What then have I gained from these months of analysis? Only everything that will go into the business plan. Even though the idea ended up the same as it started, it has only been through having the idea continuously scrutinized that I’ve been able to determine which combinations of words make eyebrows raise. Put all those raised-eyebrow answers together, sprinkle in the words “weave,” “synergy,” and “confluence,” then for good measure, toss in a couple 3d arrows and flowcharts to represent data, traffic or customers, and you can pretty much sit back and wait for the first couple mil to arrive in the bank. Am I right, investors?

Bill Entrepreneurship, Progress, Tough Decisions

Seattle Entrepreneur Blogs

May 11th, 2007

I set an objective this week to get a feel for the Seattle Entrepreneurial blogging landscape, and have picked my three favorites from John Cook’s list of good ‘uns.

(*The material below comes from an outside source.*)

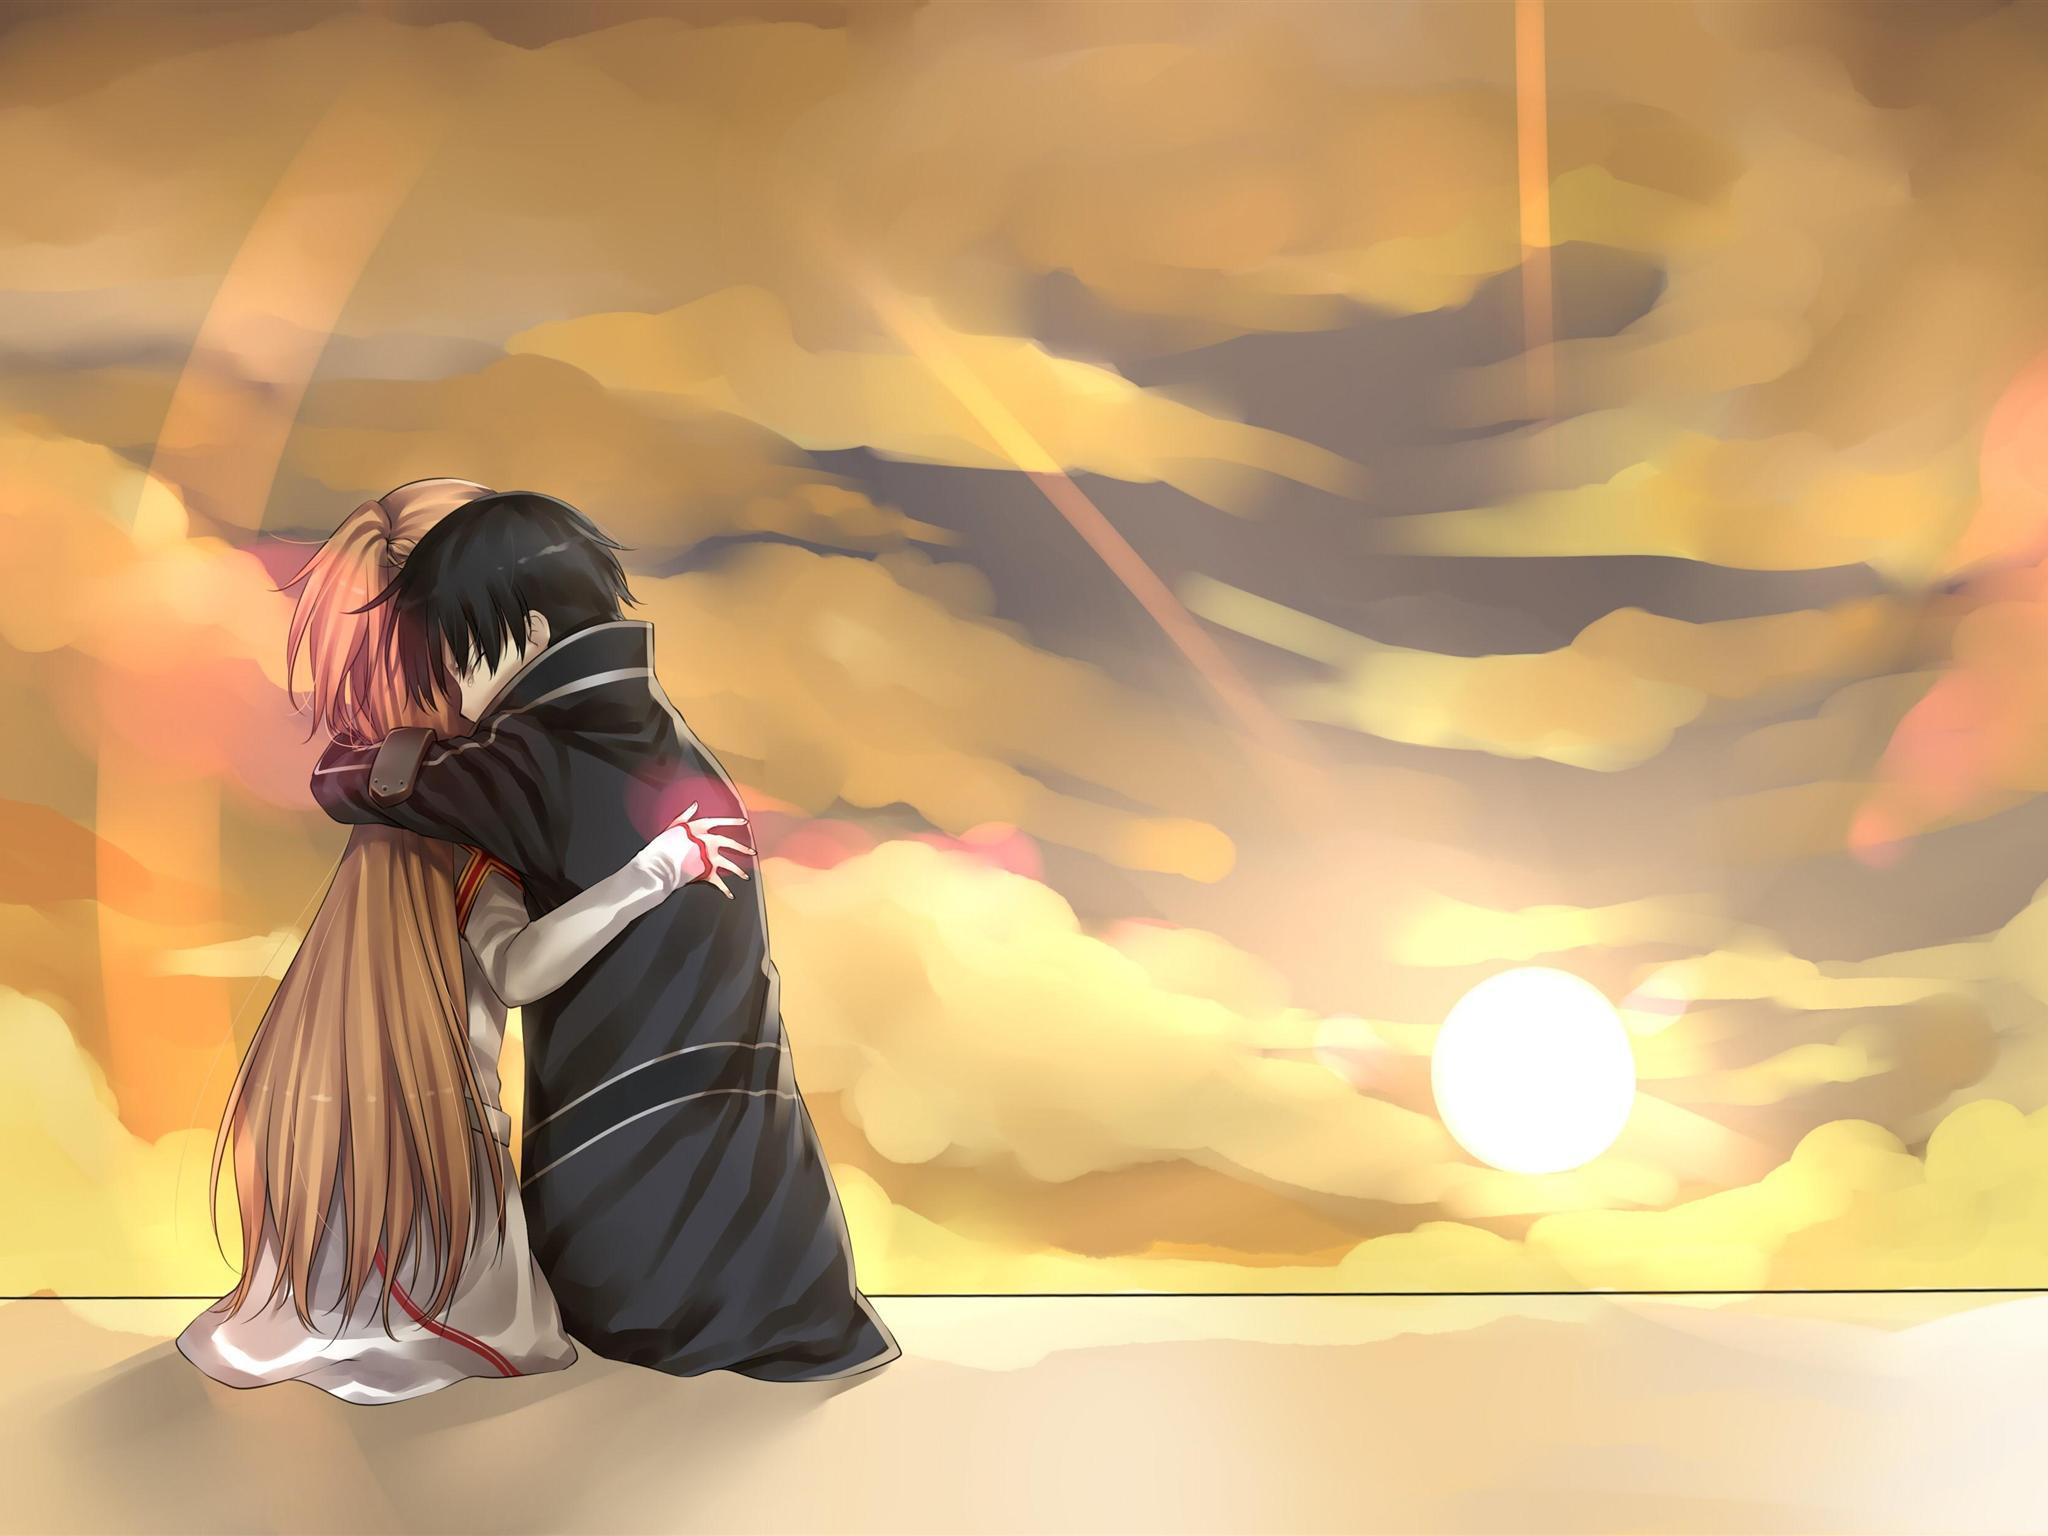 Sword Art Online 2048x1536 Picture   Anime  Yuuki Asuna  HD Wallpaper

A Sack of Seattle: A. Sack (aka Andy Sack of Judy’s Book) is an honest guy with good observations. He’s also set up a forum for Seattle entrpreneurs to meet up over coffee, which is a benevolent gesture for an individual who has reached the “investment capital secured” promise land from which few bloggers return, and fewer still retain accessibility. Plus, his blog carries an extra bit of drama as he is currently in the process of trying to reinvent his site to capture a completely different niche (coupons) than it grew up on (reviews). Sounds like a hell of a trick to me, but I bet there are those who would say the same about taking on a $48 billion behemoth named eBay. Morons. They’ll obviously never topple eBay with that attitude.

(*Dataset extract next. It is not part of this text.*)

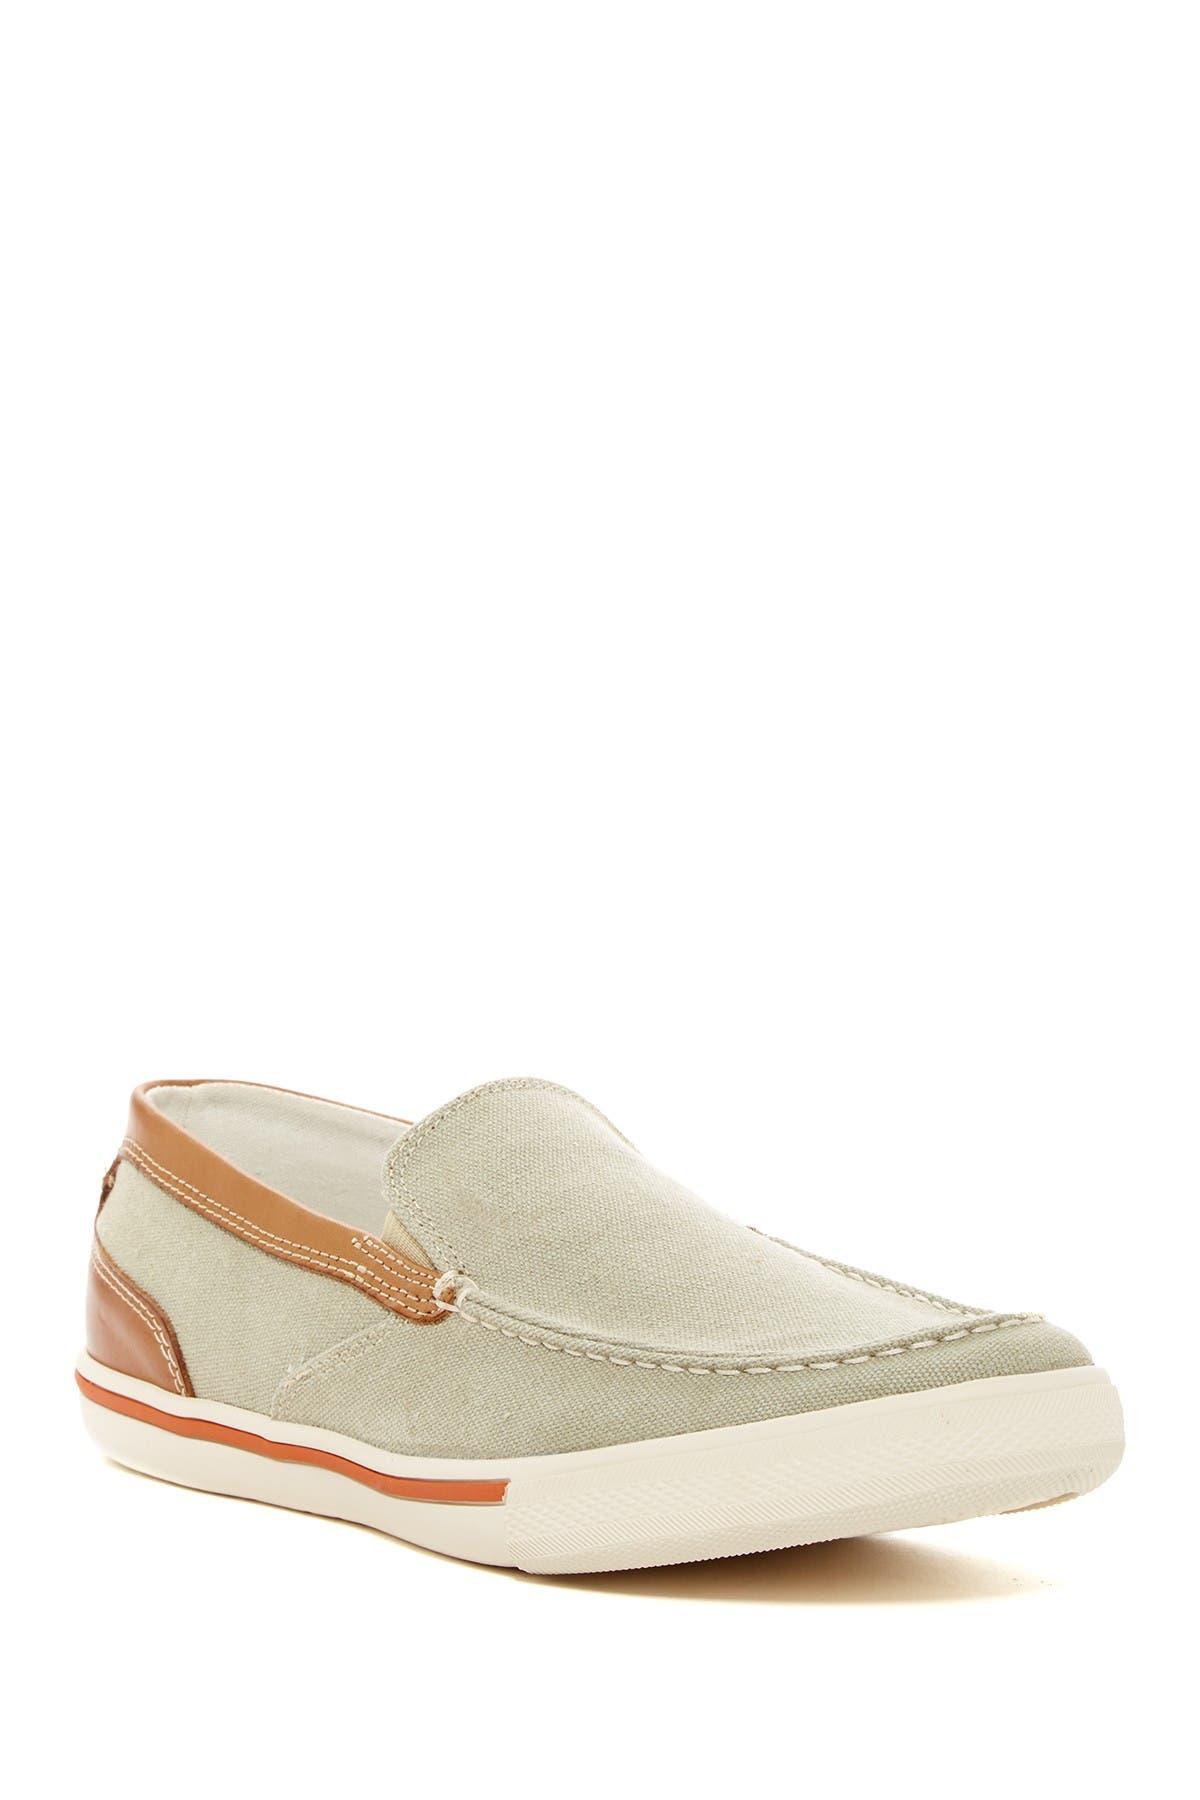 Image of Tommy Bahama Costa Venetian Slip-On Sneaker

Geeking With Greg: Greg is both a lucid and prolific blogger. He also seems to share my interests for Artificial Intelligence (I’ve architected the AI systems for most every game I’ve worked on for the last four years / he is making a web site that learns what kind of RSS you like and gives it to you) and productivity (I blog about it every other post / he blogs about it every other every other post). And if that weren’t enough, there is a funny quote about how engineers are leaving Google because MBAs have declared it their employer of choice.

Curious Office: Made by the founder of Imagekind, this site seems to fall into the “investment capital secured, accessibility retracted” collection. Comments are disabled on most posts. But you don’t have to be buddies with the writer to appreciate the piles of wisdom lying in plain site on here. In particular, there is a Steve Pavlina-esque article on their approach to getting funded. I like how he proposes that we wait until the investors come to us, rather than investing time on finding investors when there’s development to be done. Spoken like a true programmer. And you can bet that the story about the investor who tracked you down to give you $5 million is going to make for a great blog post/party story/pickup line when you can pull it off.

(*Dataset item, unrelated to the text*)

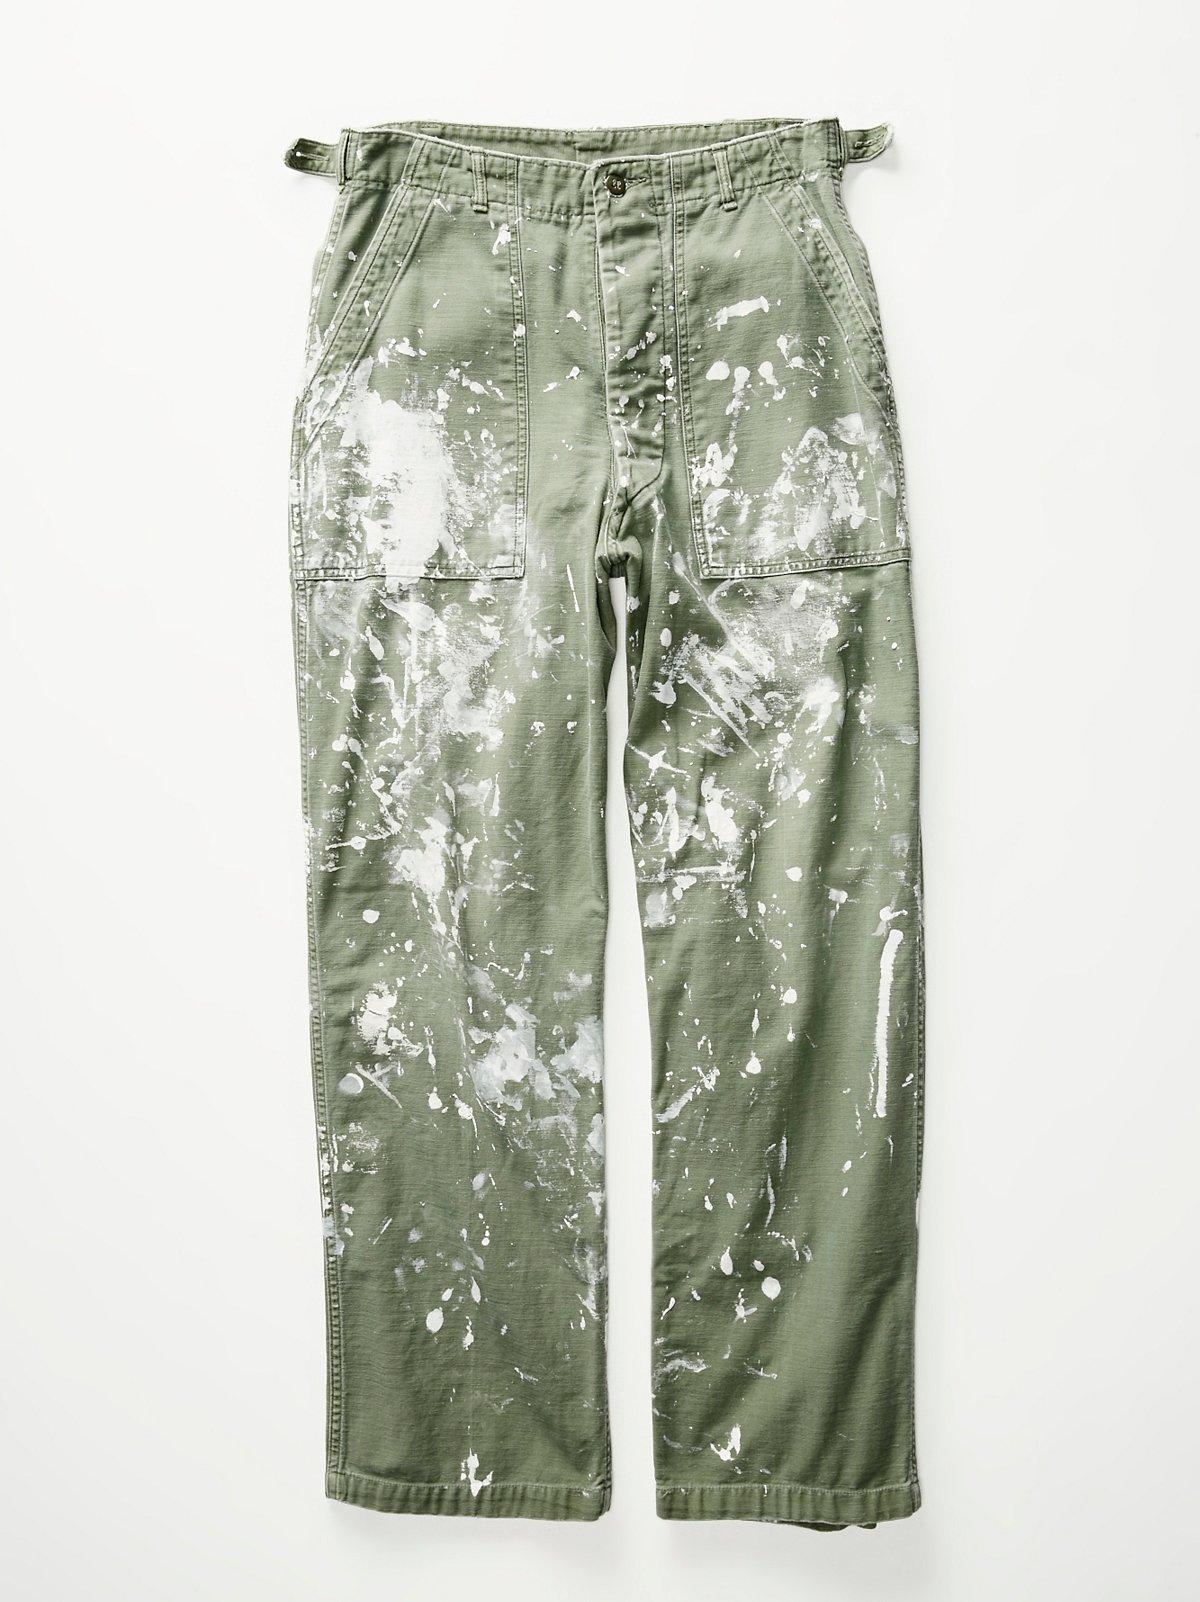 Vintage 1960s Military Pants

Anyone else got a local favorite local entrepreneurial blog not mentioned here? I’ve found that the defining characteristics of my favorites so far have been bloggers with experience and similar interests, who respect their readers and answer comments. It’s quite a treat when I uncover such a blog. The information that is readily accessible on any number of blogs these days (on the steps to getting investment, or generally being entrepreneurially minded) is stuff that simply didn’t exist 10 years ago. Let alone for free and in relatively unlimited quantities.